For example, system manager 108 may ask subsystem manager A 102 and
subsystem manager B 104, having three service classes, for
estimates of the mean and variance of each service class given a
proposed control setting change. Subsystem manager A 102 and
subsystem manager B 104 would then send estimates to system manager
108. Upon receiving the estimates, system manager 108 may then
perform a simple combinatorial optimization to identify a set of
control settings for subsystem A 110 and subsystem B 112 that would
maximize a global system objective, such as, for example,
maximizing the likelihood that the total system response time added
across the subsystems will not exceed an established threshold.

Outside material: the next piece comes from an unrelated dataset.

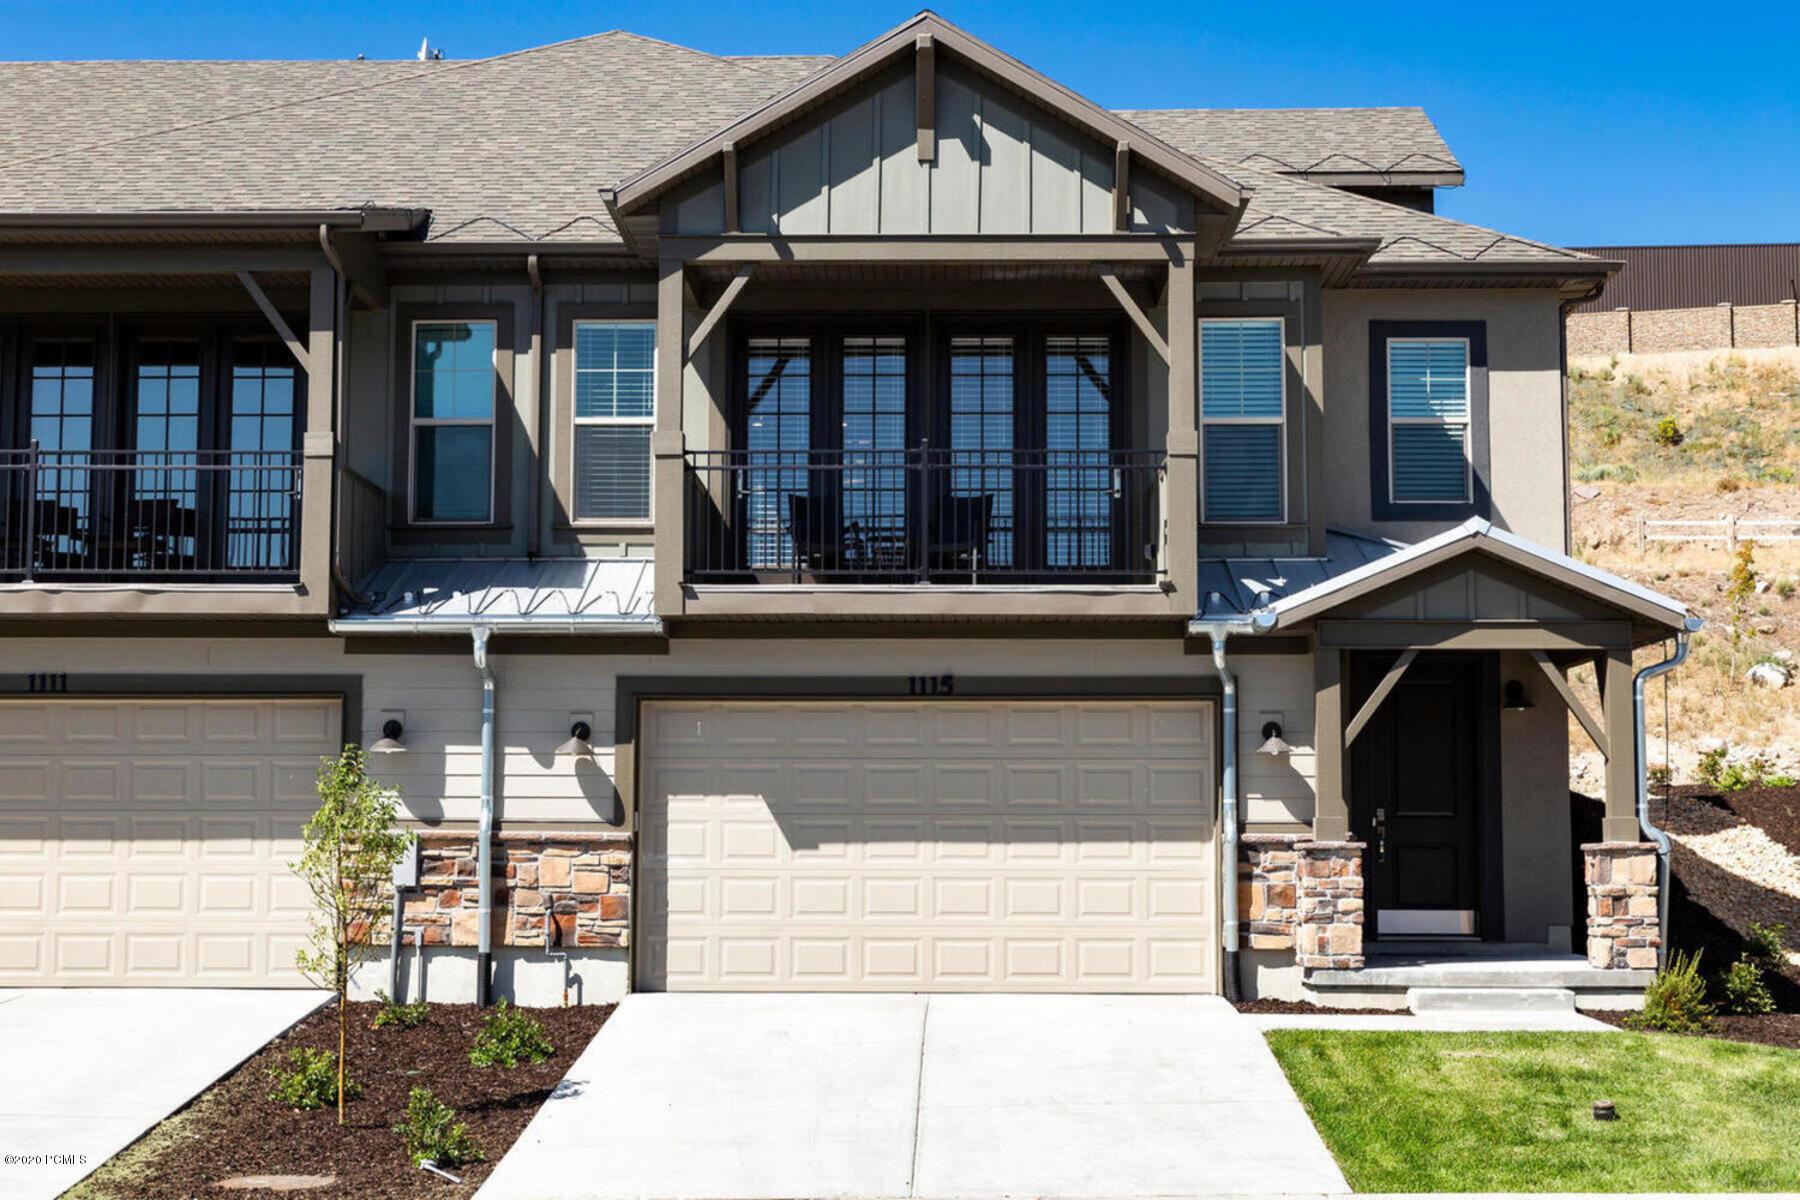 1053 Wasatch Springs Road, Heber City, Utah 84032, 4 Bedrooms Bedrooms, ,4 BathroomsBathrooms,Condominium,For Sale,Wasatch Springs,12003904
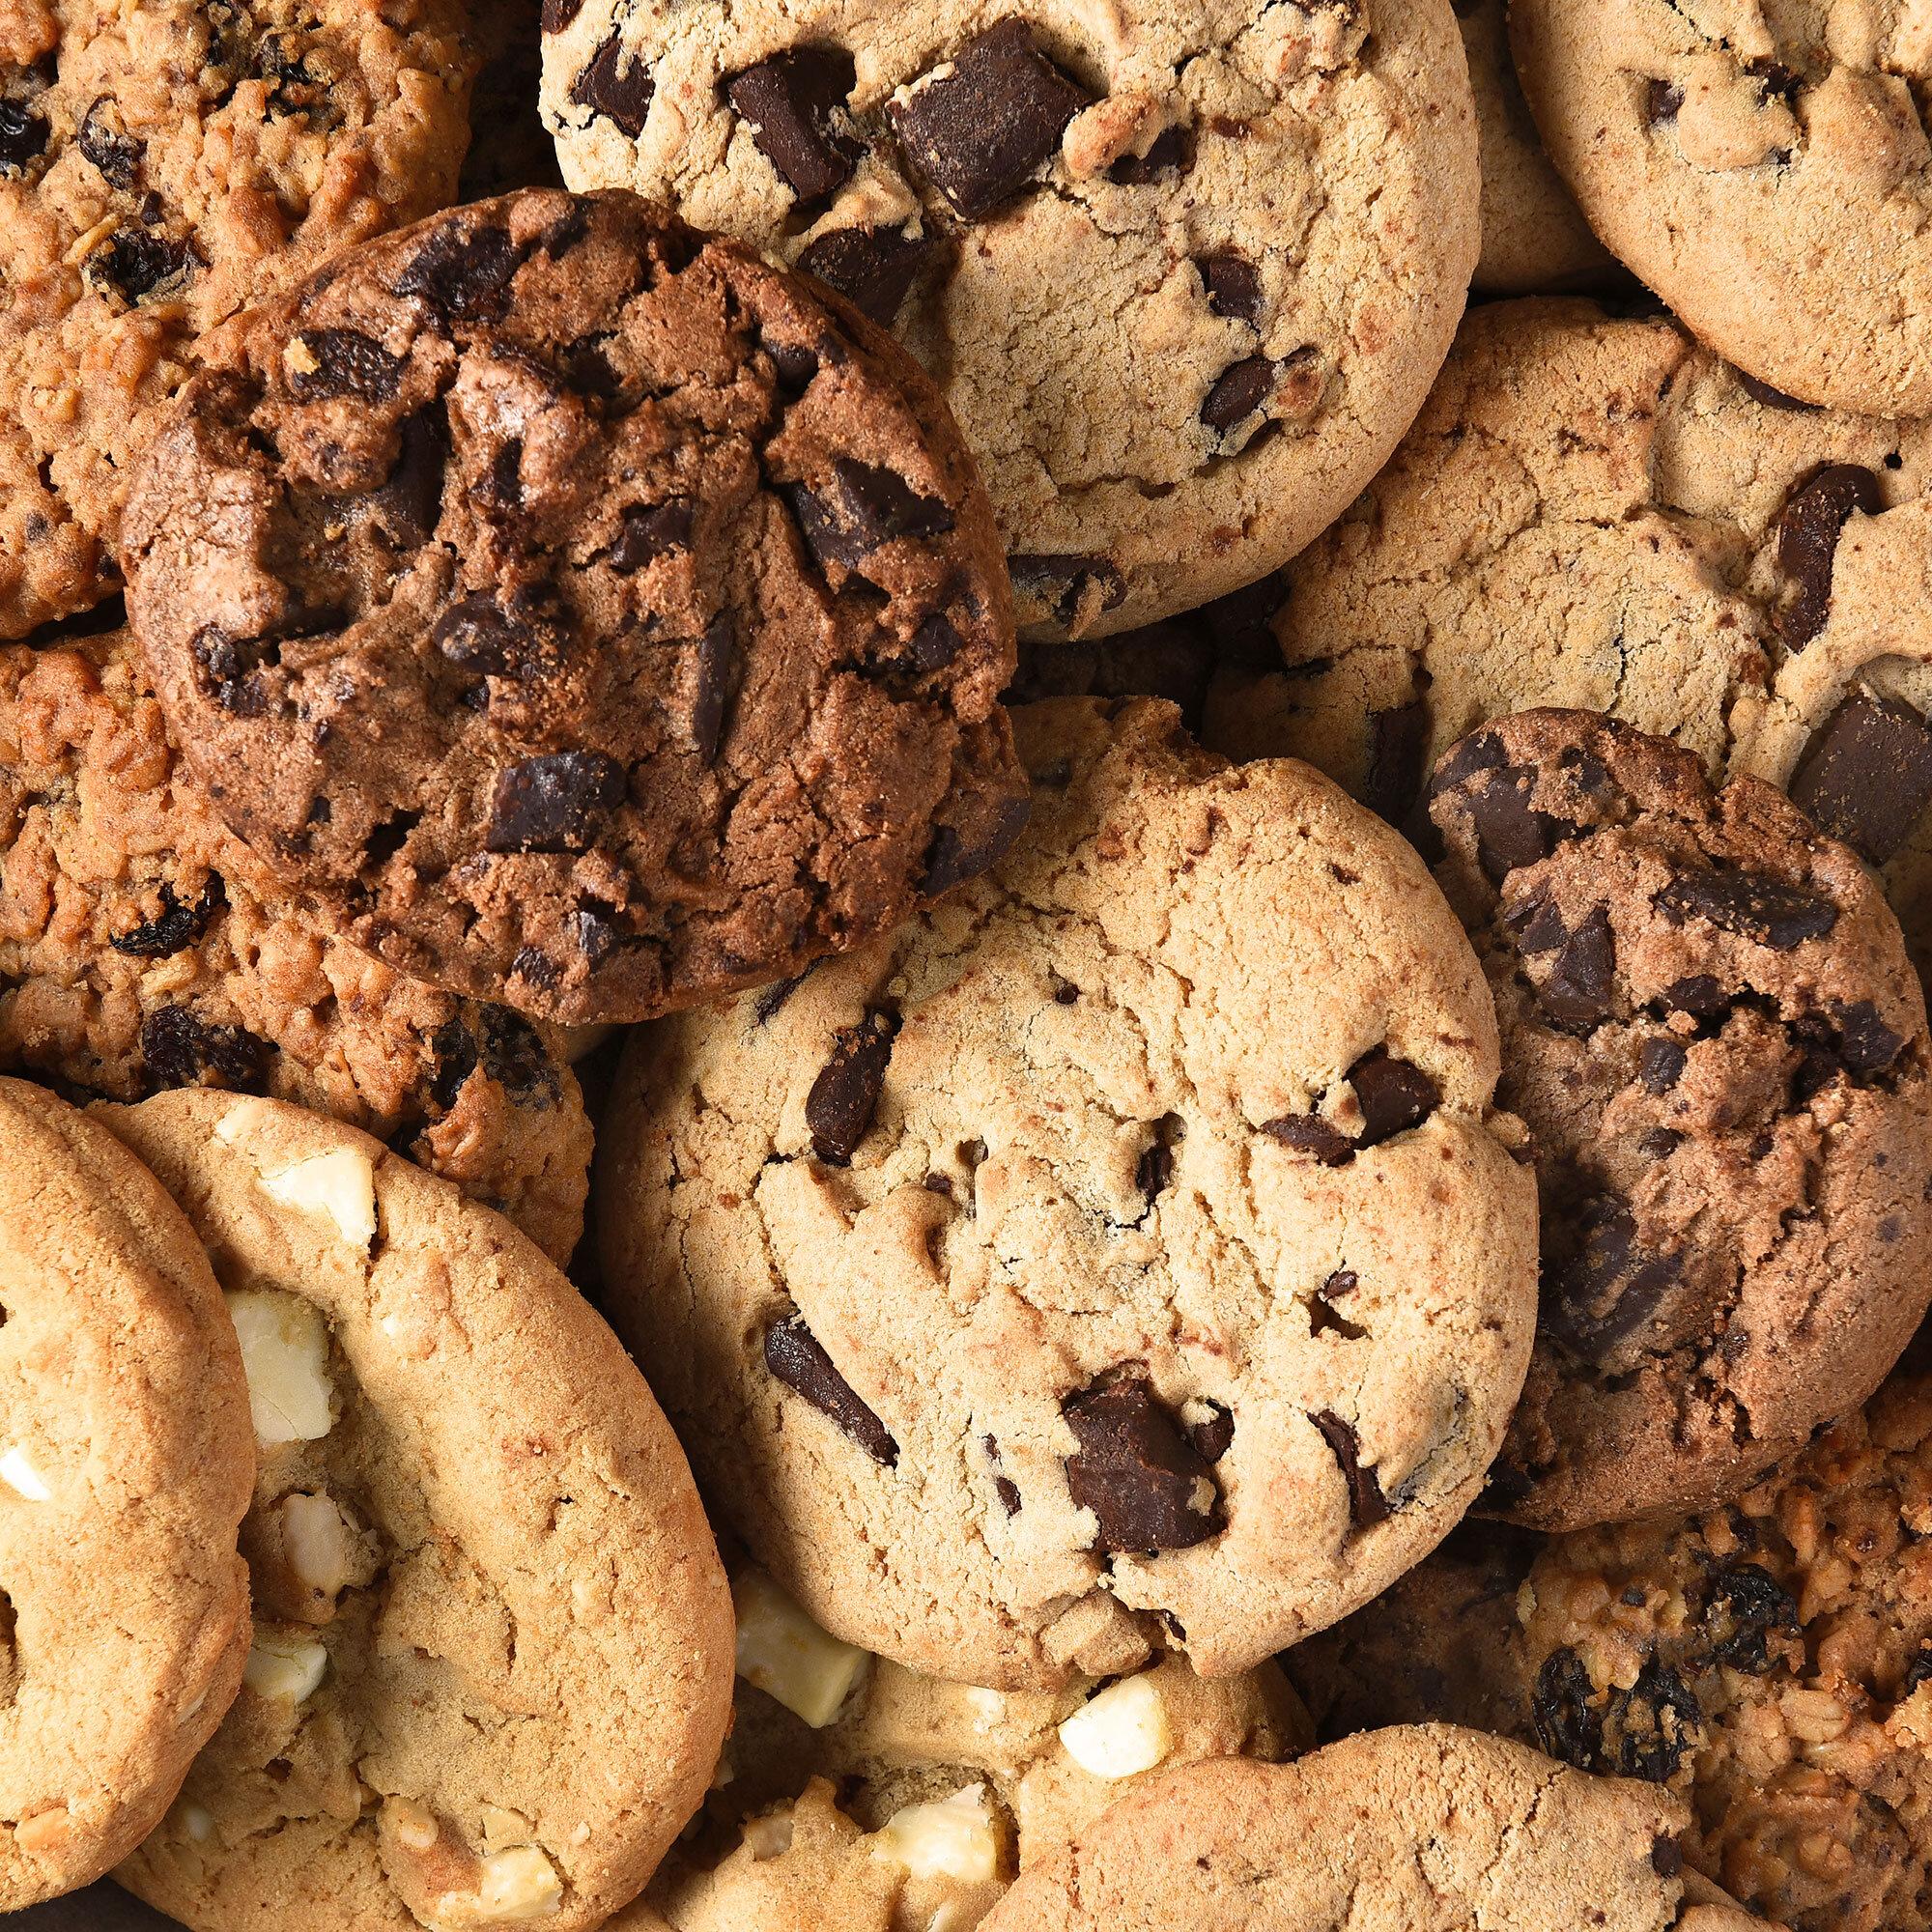 https://www.shirtstore.fi/pub_docs/files/Cookies/CookiesShirtstore.jpg

System manager 108 would then set the control settings on subsystem
manager A 102 and subsystem manager B 104 to this identified set of
best control settings for subsystems A 110 and subsystem B 112,
respectively.
[0022] Subsystem manager A 102 and subsystem manager B 104 may also
send system manager 108 additional layer-specific data about the
current state, such as, for example, the volume of requests, the
current CPU and memory utilization, queue sizes and delays, and
other system metrics. This additional information would potentially
improve the ability of system manager 108 to find the optimal
control settings for management of subsystem A 110 and subsystem B
112.
[0023] System manager 108 may reallocate servers from one subsystem
manager to another in an effort to rebalance computing power as the
workload within each subsystem fluctuates. When system manager 108
wishes to reconsider its allocation of n servers across subsystem A
110 and subsystem B 112, it sends a query to subsystem manager A
102 and subsystem manager B 104 in which a set of hypothetical
actions is proposed explicitly in the query message. The
hypothetical actions may consist of allocating n servers to one of
the subsystem managers, for example, subsystem manager A 102, where
n runs over some range that includes the current allocation. The
service attribute of interest, which is described explicitly in the
query message, is the expected utility that will be experienced by
subsystem manager A 102 if it is granted n servers. Subsystem
manager A 102 and subsystem manager B 104 compute an estimate of
the value of the service attribute under each of the hypothetical
actions, and send back a response to system manager 108. Each
estimate computed by subsystem manager A 102 and subsystem manager
B 104 is associated clearly with its pertinent hypothetical actions
and service attribute. If a subsystem manager is not able to
compute all of the requested estimates, it simply includes the ones
it has successfully computed.
[0024] Optionally, the estimates may include indications of the
degree of uncertainty in the estimates, for example, as variances
or some other moments or representations of the statistical
distribution of estimated outcomes. Upon receiving the estimates
from subsystem manager A 102 and subsystem manager B 104, system
manager 108 solves a combinatorial optimization problem in order to
find the allocation that maximizes the utility summed over
subsystem manager A 102 and subsystem manager B 104. Upon computing
the allocations that provide the best overall utility, system
manager 108 automatically takes corresponding action.
[0025] In another embodiment of the present invention, system
manager 108 may display the allocations that it deems best to an
administrator 124, allowing administrator 124 to select the most
desirable allocation. In order to make an informed choice,
administrator 124 may desire further information about the
different allocation scenarios. For example, administrator 124 may
request the average response times for each application according
to service class. In such a case, system manager 108 can issue
another query to subsystem manager A 102 and subsystem manager B
104, in which the hypothetical actions listed in the query message
are the proposed allocations, and the service attributes of
interest listed in the message would be the average response times
rather than the utility values. Upon receiving this information
from subsystem manager A 102 and subsystem manager B 104, system
manager 108 may collate and display the results to administrator
124.
[0026] In accordance with another embodiment of the present
invention, subsystem manager B 104, in response to a query from
system manager 108, may query subsystem manager C 114 and
incorporate the second query response into a response to the first
query. For example, a system domain 100 which is represented as a
two-tier web environment, in which subsystem A 110 is an
application tier and subsystem B 112 is a database tier, with
corresponding application tier manager 102 and database tier
manager 104, respectively, independently optimizing their tiers.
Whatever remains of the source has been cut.